Но даже если бы все было не так, и он, распространяя свое обожание на все, что находилось и за доступными ей пределами, снизошел бы к ее просьбе, то и тогда она не смогла бы просить за этого князя, потому что видела его не однажды и не могла одобрять его поведение, и просто он был ей неприятен – сухощавый, несколько сутулый, в очках, со взглядом не то чтобы дерзким, но недружелюбным, со странной манерой ускользать, растворяться, не дожидаться конца, примащиваться где–то сбоку, выискивать грязь и не отвечать за свои поступки.
«Какое большое пространство, – думала в этот момент тетя Санни, – все эти Петербург, Москва… Гатчина… и этот… Ревель, и эта Сибирь, и он все знает и все видит», – и посмотрела на свекра.

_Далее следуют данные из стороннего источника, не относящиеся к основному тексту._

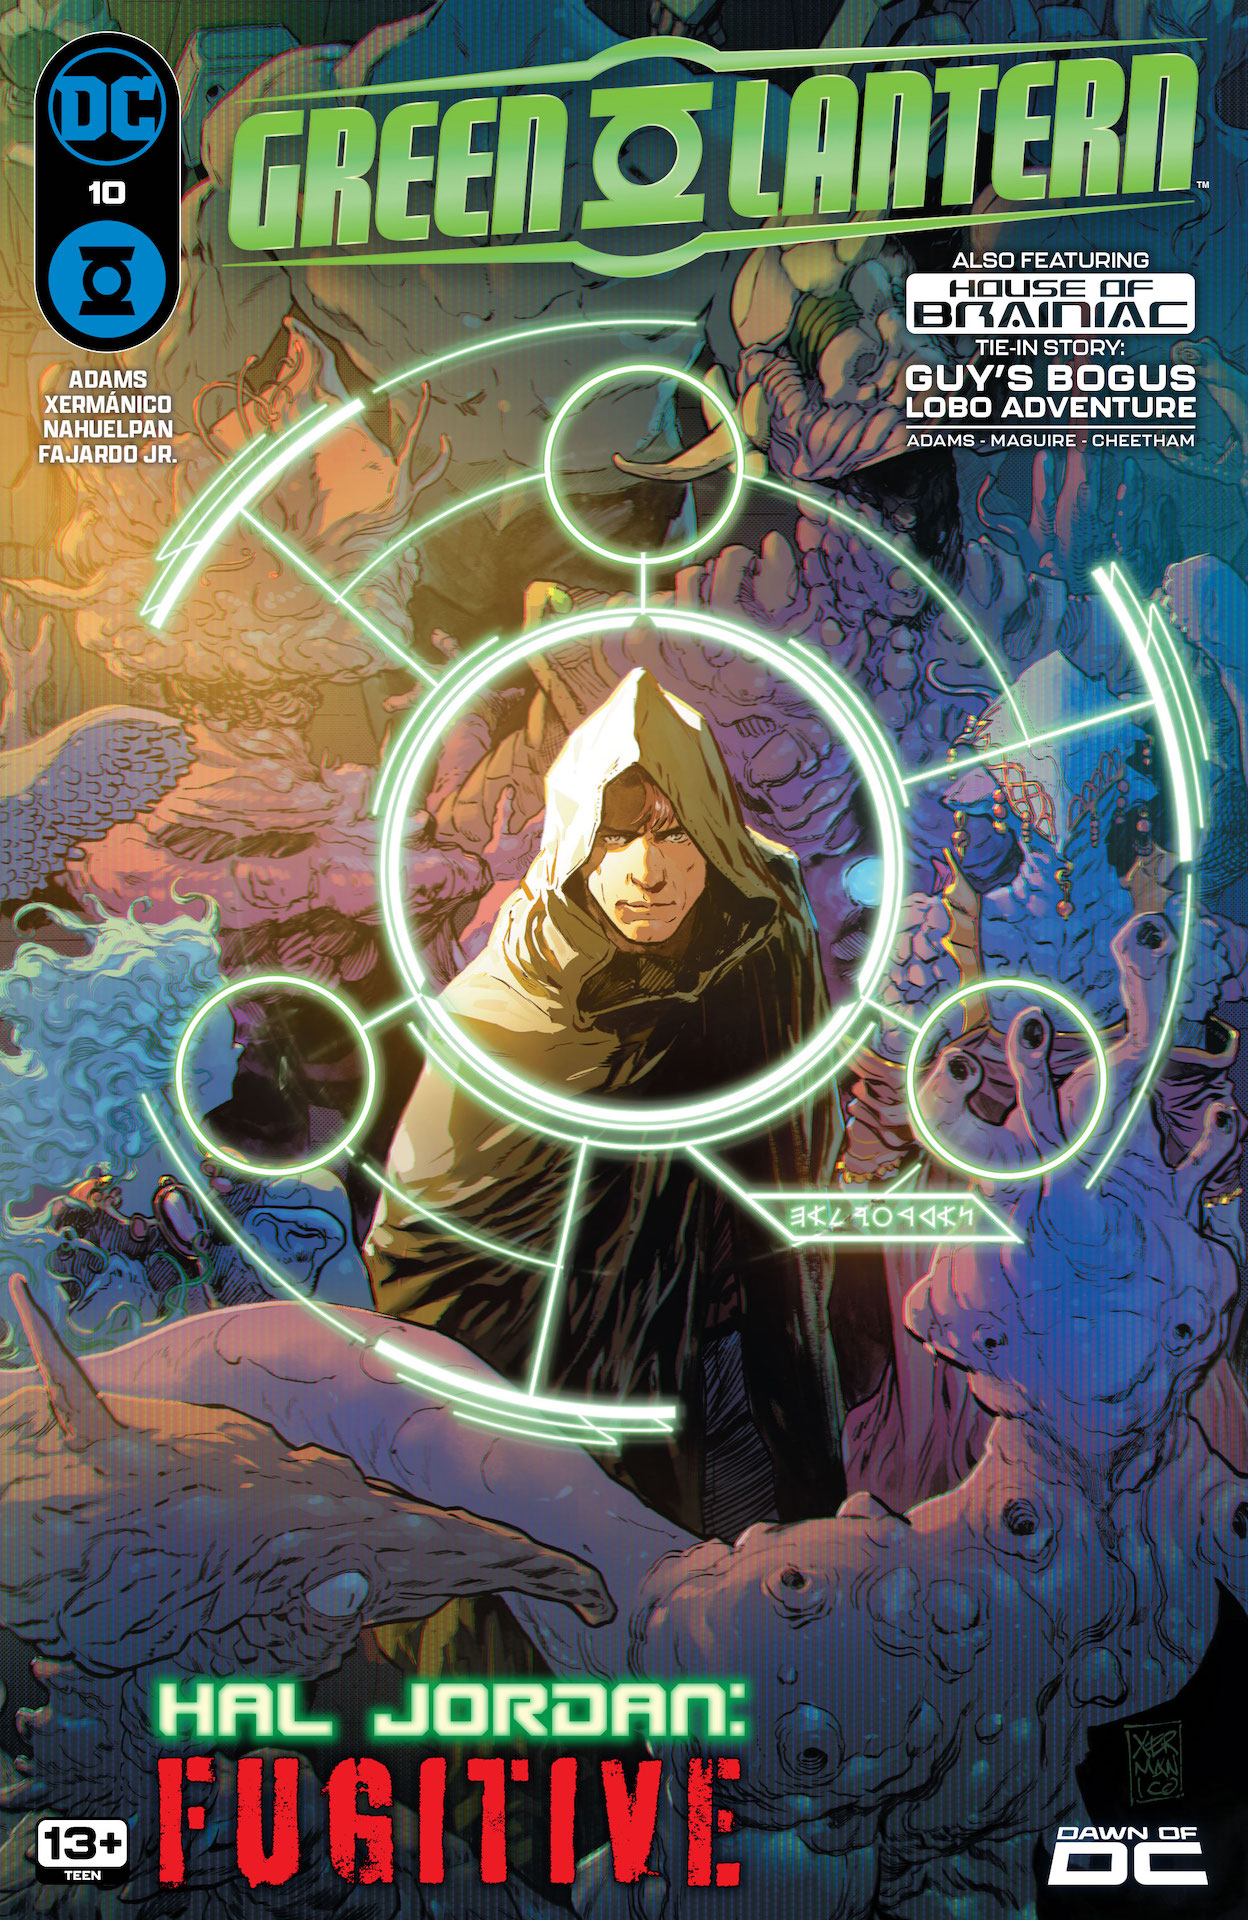 DC Preview: Green Lantern #10

Ей нравилось, что он к ней снисходителен, потому что с недавнего дня своего замужества видела пока только его снисходительность.
– Кстати, – сказал Саша–большой, – что это за история с французским врачом, о котором все говорят? Он что, действительно питался человеческим мясом? В этом есть что–то чудовищное…
– Эти ученые – сумасброды, – засмеялся Костя. – Он отправился в Америку к диким племенам, жил среди них и старался следовать их образу жизни… Когда они поедали своих врагов, француз заставил себя присоединиться к пирующим, но, кажется, отравился…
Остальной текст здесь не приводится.